Have a baby and things might be awesome. Have a baby and things might go down hill, Dont have a baby and either one might still happen. We cant predict the future. Were here right now ... do what makes you happy. A baby or no baby wont make him stay or go if thats whats on the cards in the future
12-05-2013 10:12 #24
Thank you for all your lovely replies. I am feeling much better now I did talk to my friend, she said that she just wants me to be happy and will support my decision, whatever it is, even if she doesn't agree with it. I'm sure she will be completely won over when I'm actually pregnant. I got a referral yesterday to a FS http://www.drsharonli.com/web/home.html Dr Sharon Li. I'm hoping it goes well. I have no idea what to expect. Should I stop taking vitex before I get my blood tests done?
13-05-2013 08:02 #25
Definately agree with everyone here - it's your decision!
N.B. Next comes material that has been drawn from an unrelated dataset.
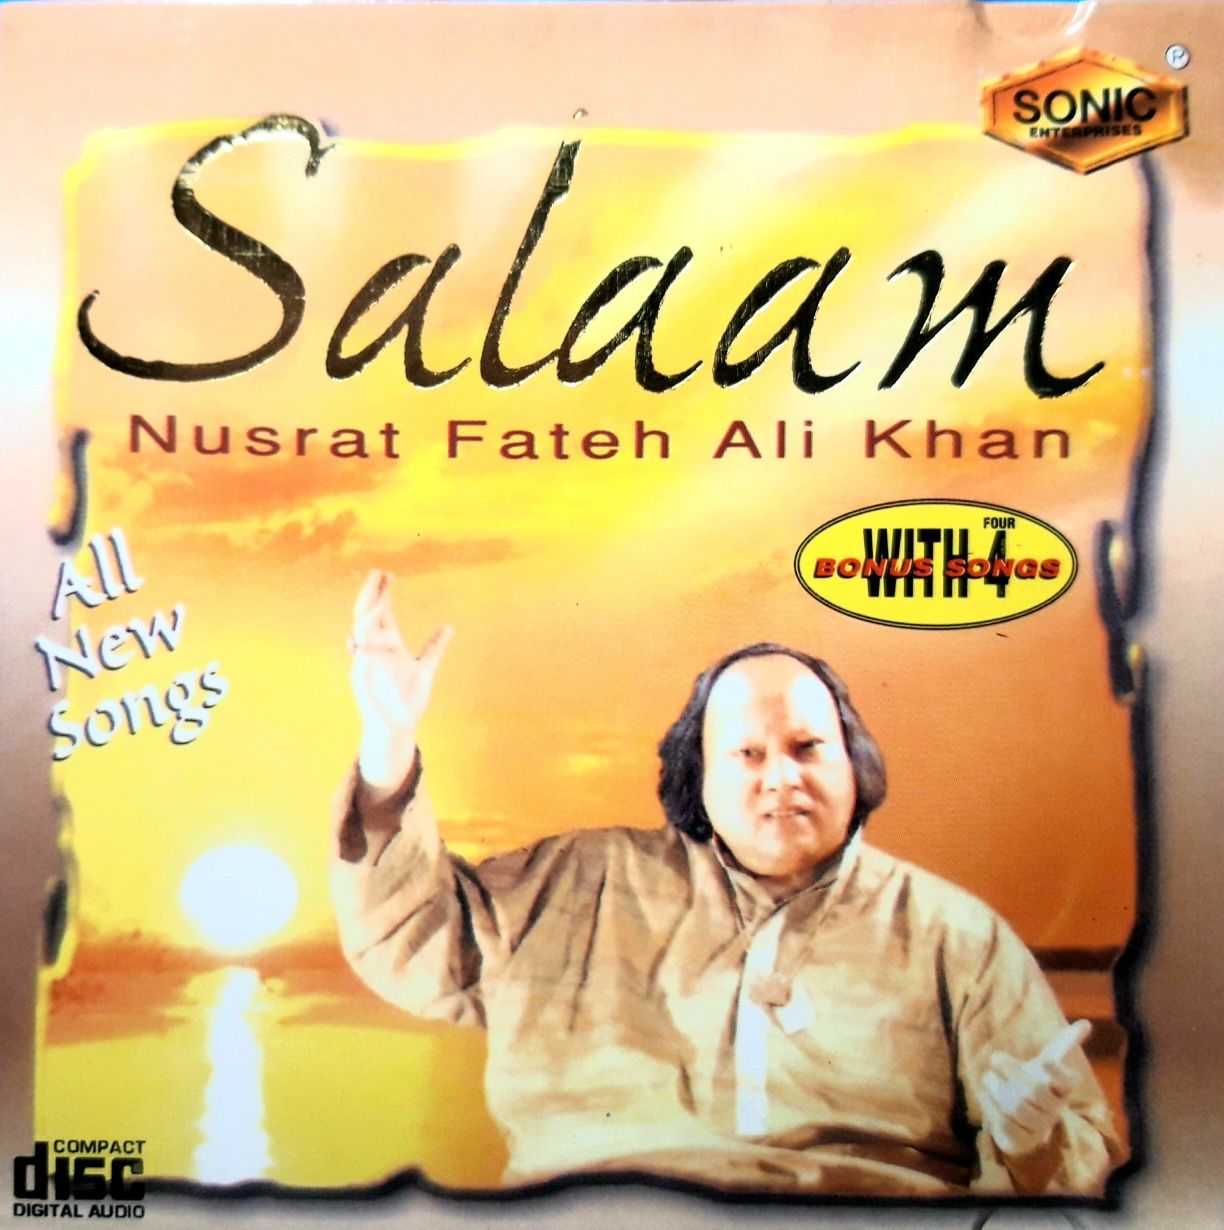 Nusrat Fateh Ali Khan - Salaam (CD, 1998)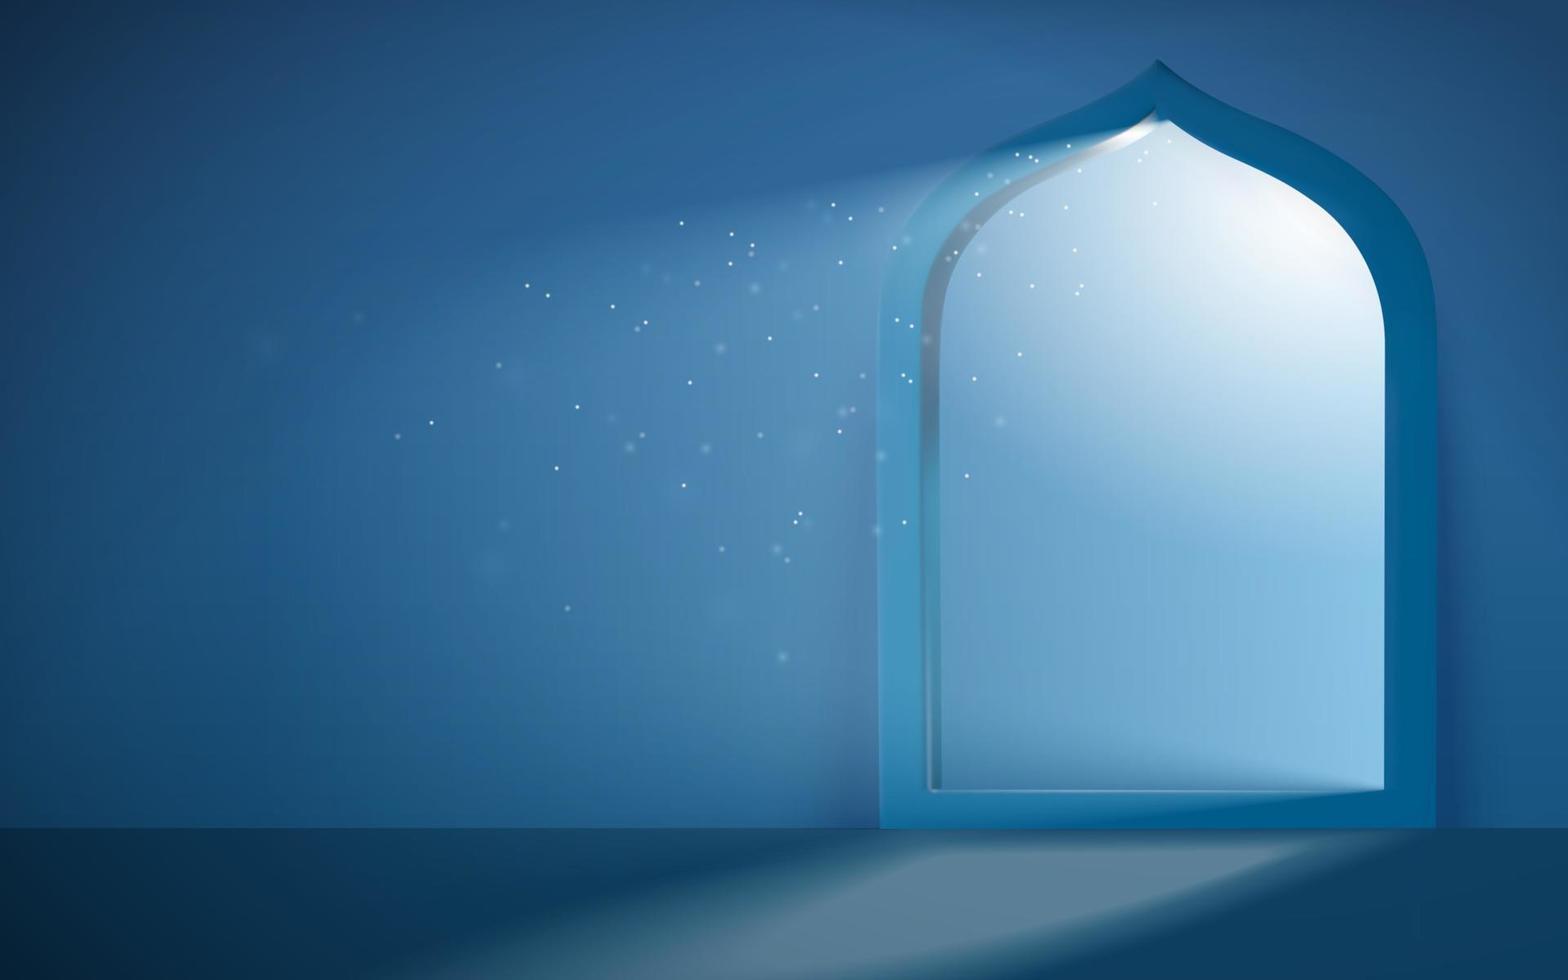 Islam theme background in 3d design. Silver moonlight shimmering through mosque portal. Concept of serene Ramadan evening. vector

Have you spoken to your BFF?
DP and I had been together about 3 years, not married or engaged but lived together when we unexpectedly fell.... our families were thrilled (my dad a little stand off-ish but not becuase of our situation, but is THE BEST grandad and loves our littlie to bits!)
We were engaged on New Years Day this year and are TTC #2 and save for a house.
Everyone is different and you know what is best for you!
25-06-2013 19:00 #26
I've only been with my bf 8 months and we've just decided to try. I'm close to 32 and would like a few before I reach my late thirties so want to start ASAP. It feels right and we feel ready and since you never know how long it will take I'm ecstatic to be trying now! Each couple has their unique circumstances and shouldn't be judged.